В ожидании выпуска книжки стихов, будто это изменит мою жизнь, я приискал себе работу - нечто вроде моих прогулок до Университета и обратно. Теперь мне не нужно было вставать ночью. Я оговорил право работать только во вторую смену. С утра, после ухода Лели в школу, она работала учительницей, я писал, а там выбегал на улицу и шел своим маршрутом в сторону Университета, мимо Дома писателя имени В.Маяковского до углового квартала у Невы и Фонтанки, где я разносил почту чуть ли не бегом, как мальчишка, каковым и представлялся всем и даже самому себе, - множество дворов, подчас обширных, со скверами, с народонаселением из разных эпох, с царских времен.
Сколько жизней, сколько судеб я вынес из этих далеко непростых уже в чисто психологическом плане прогулок по дворам и лестницам и внезапных вторжений в квартиры, как правило, большие коммунальные, где каждый вольно или невольно выбалтывал свои и чужие тайны.

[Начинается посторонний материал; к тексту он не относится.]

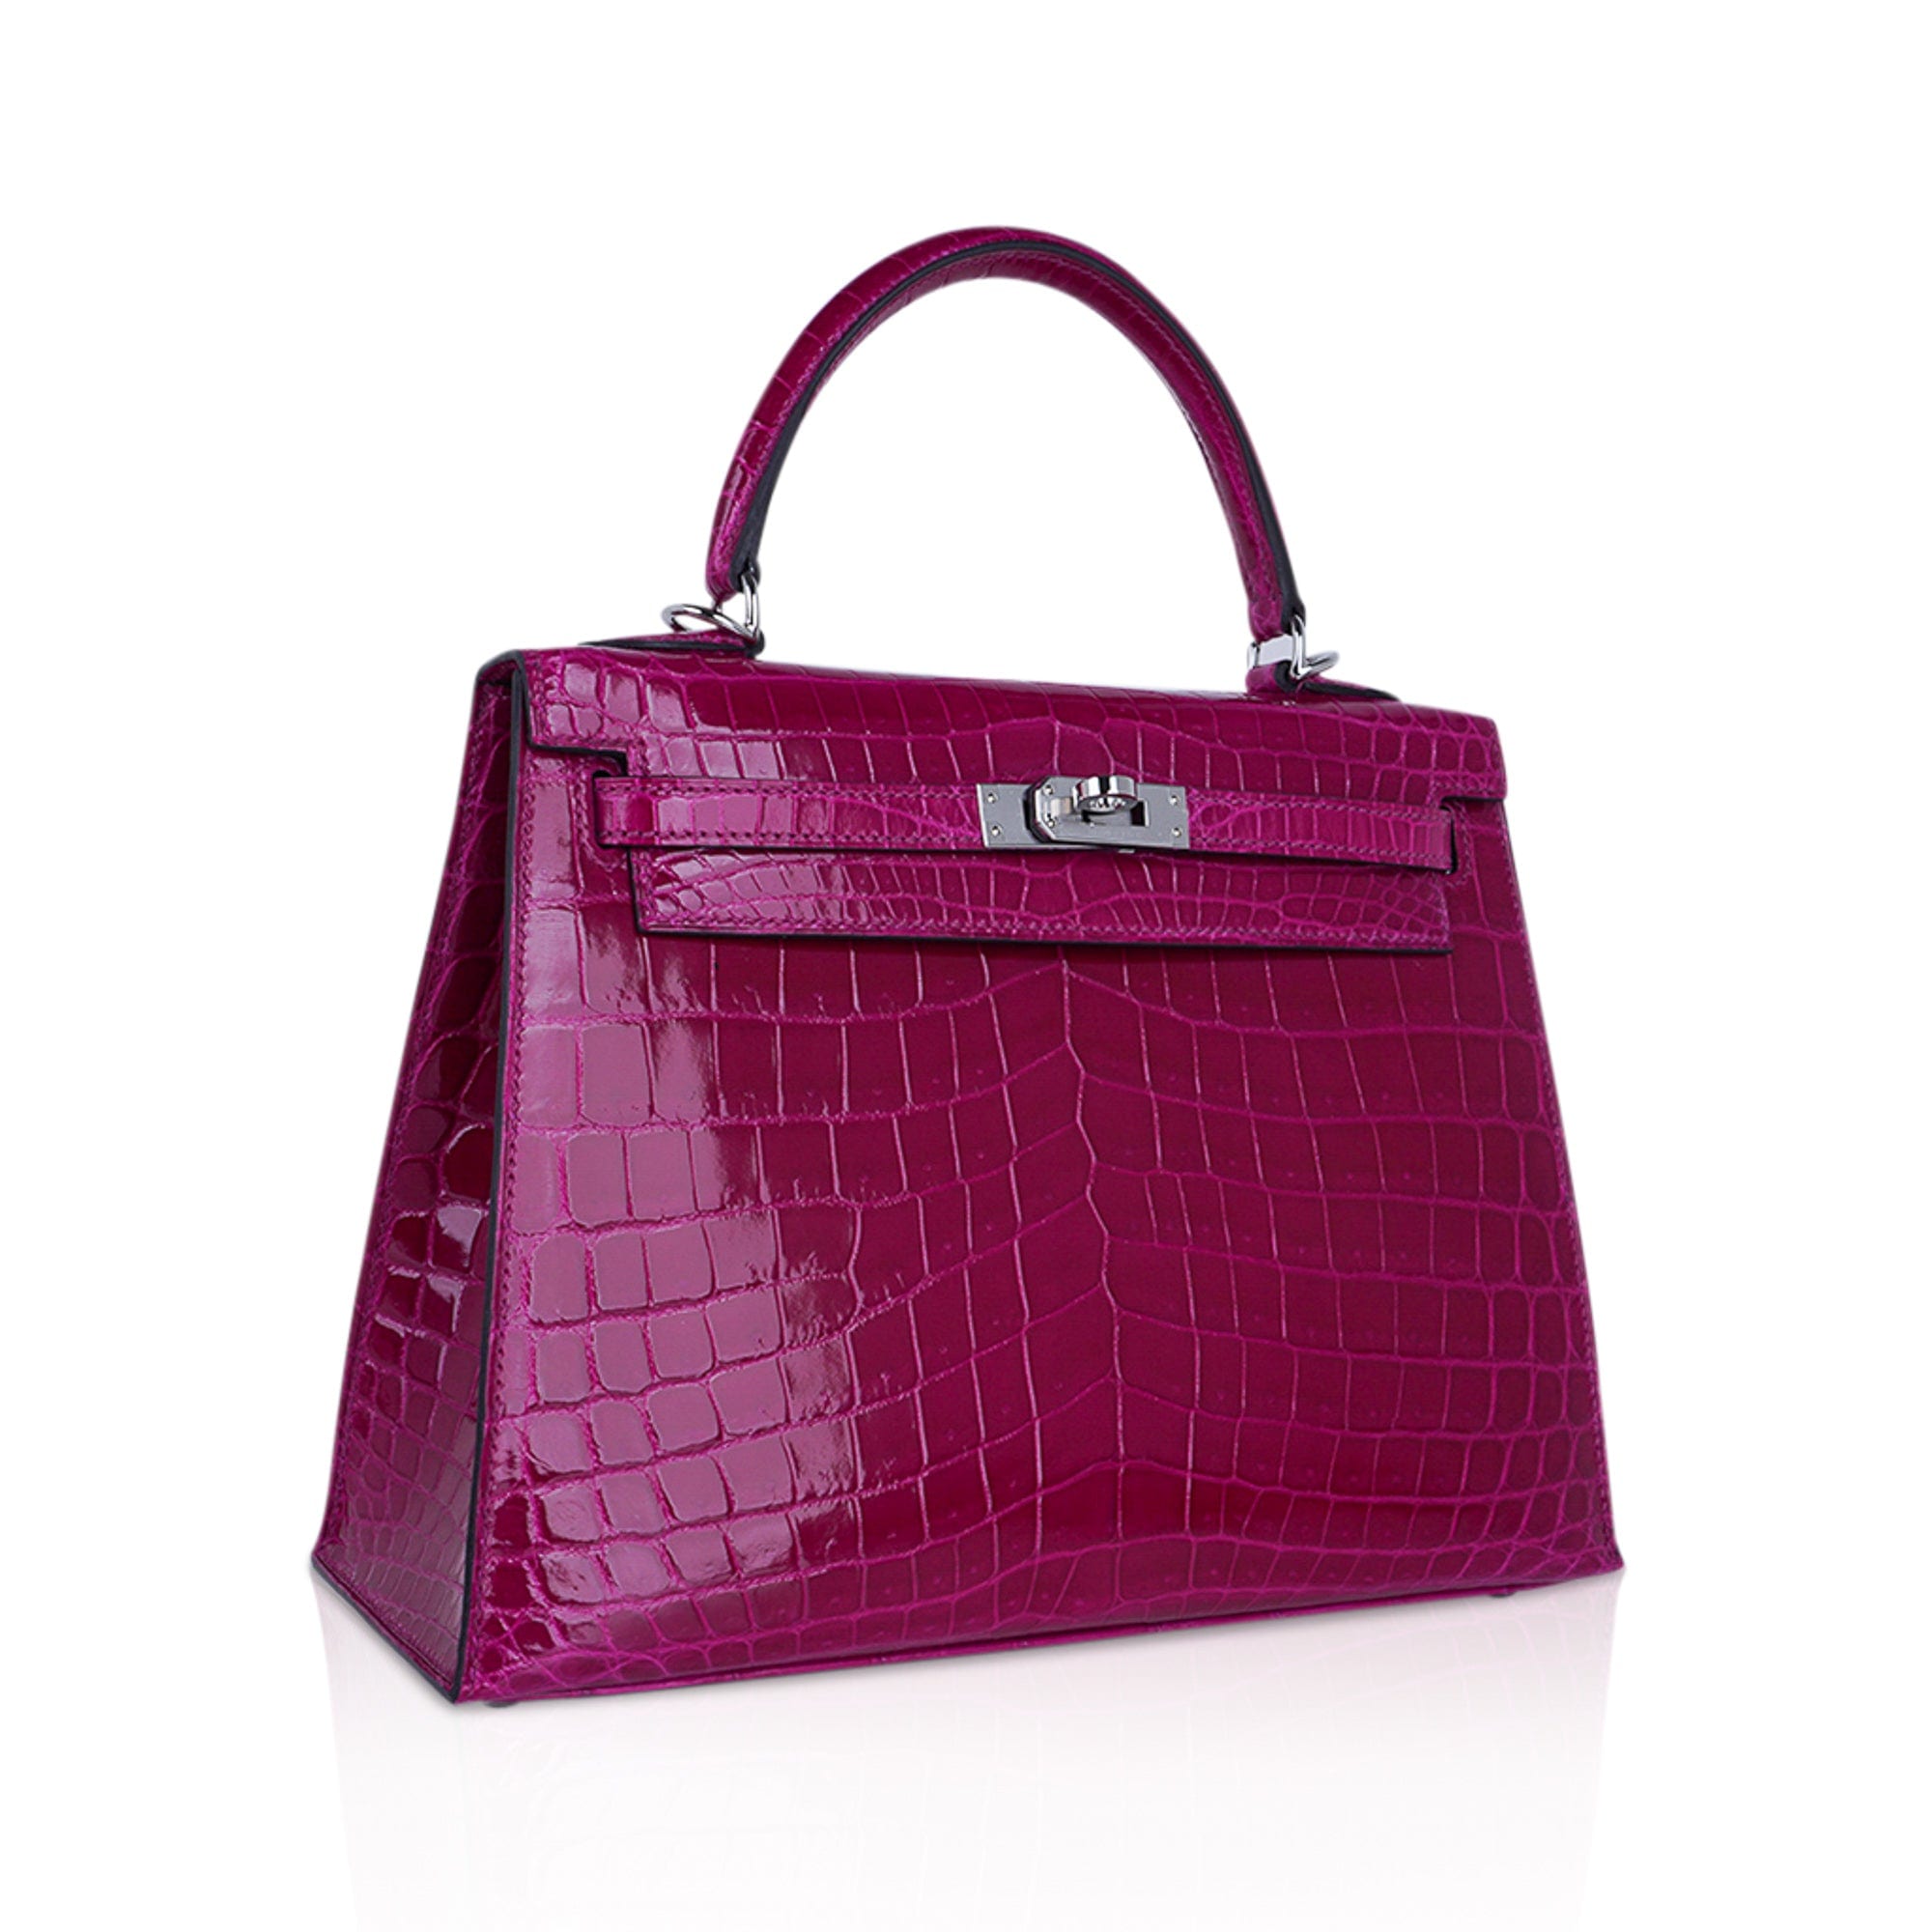 Hermes Kelly 25 Sellier Bag Rose Pourpre Crocodile with Palladium Hardware

Ведь я разносил и пенсии. Закончив дело, в конце пути, вместо возвращения дворами, я, пройдя под аркой, выходил к Фонтанке и, как человек, обретший долгожданную свободу, жадно оглядывал верхушки деревьев
Я слишком много часов, дней, лет провел тэт-а-тэт с городом, чтобы он не вошел в мое творчество, наполнив его устремлениями, породившими его, ныне осознанными как ренессансные. Стихи же мои звучали камерно по сравнению с эстрадными, вошедшими в моду. Я чувствовал потребность перейти к более крупным формам и написал драму в стихах, впрочем, тоже камерного звучания и без игрового материала, как сказал знаменитый режиссер, столь доступный, что взял у меня рукопись и сам же вернул.
В том же году я написал пьесу "Цветной туман" с диалогами в прозе. Впрочем, театр по-настоящему меня не интересовал, может быть, мне просто не привелось видеть спектакль, который всецело захватил бы меня. Я любил читать пьесы великих драматургов, исполненные лаконизма, пластики и поэзии. Драма как жанр хороша тем, что в ней нет места беллетристике. Это наиболее чистая форма сама по себе. Вероятно, был свой резон в том, что я опробовал эту форму, прежде чем перейти к прозе, с чего начал некогда, словно, наконец, завершил необходимый, но мною упущенный в годы скитаний круг юношеского ученичества, когда, как правило, пишут стихи.
Мне казалось, я пишу роман, большой, в 400-500 страниц, и набросал около того... К счастью, хотя в ту пору я впадал в отчаяние, материал распался на небольшой цикл совершенно маленьких рассказов, которые вскоре вновь соединились - в повесть "Птицы поют в одиночестве", опубликованную в журнале "Аврора", как я уже упоминал.
Теперь мне ясно, что вошел я в литературу быстро, без задержки, каким-то чудом избежав всевозможных трудностей, издательских проволочек. Иного рода трудности и беды подстерегали меня. Я словно это предчувствовал, и в те два-три года, когда все складывалось у меня удивительно счастливо, за исключением вопроса об отдельной квартире, сознавая это, ничуть не обольщался относительно своих первых успехов. Наоборот, я чаще испытывал досаду и смущение. Бывало, выйдешь на прогулку, идешь мимо газетных стендов, и вдруг замечаешь что-то знакомое: "Я живу в России..." Ведь это цитата из моей повести! Это и название статьи обо мне.
Бывало, нечаянно включишь радио - звучит что-то знакомое... Это читают отрывок из моей повести, волнение токами пронизывает тело, как от любви и счастья. У меня готова вторая и третья повести, они складываются в трилогию... Пьеса "Цветной туман" о поре, когда я разносил почту, с местом действия там же, почти целиком вошла во вторую повесть под тем же названием...
В журнале "Аврора" они вскоре были опубликованы, стали входить в сборники молодых авторов... Отклики, рецензии, письма, предложения... Казалось бы, что? Все вызывало скорее не радость, а досаду и смущение, может быть, потому что я уже смотрел на свои первые повести, как на детский лепет, и ставил перед собой великие задачи.
Как же иначе? Общее состояние нашей литературы тоже мало радовало, а подчас вызывало горечь. Подлинных произведений искусства, высоких поэтических созданий не было, а хуже всего - вроде бы никто не помышлял о них, ни писатели, ни критики, ни читатели. Вкус к эстетически содержательной форме, казалось, был утрачен и давно, может статься, еще с 30-х годов, в результате гонений и запретов. Ведь даже Бунина нам приходилось открывать заново, с опозданием, не говоря о многих крупнейших художниках XX века.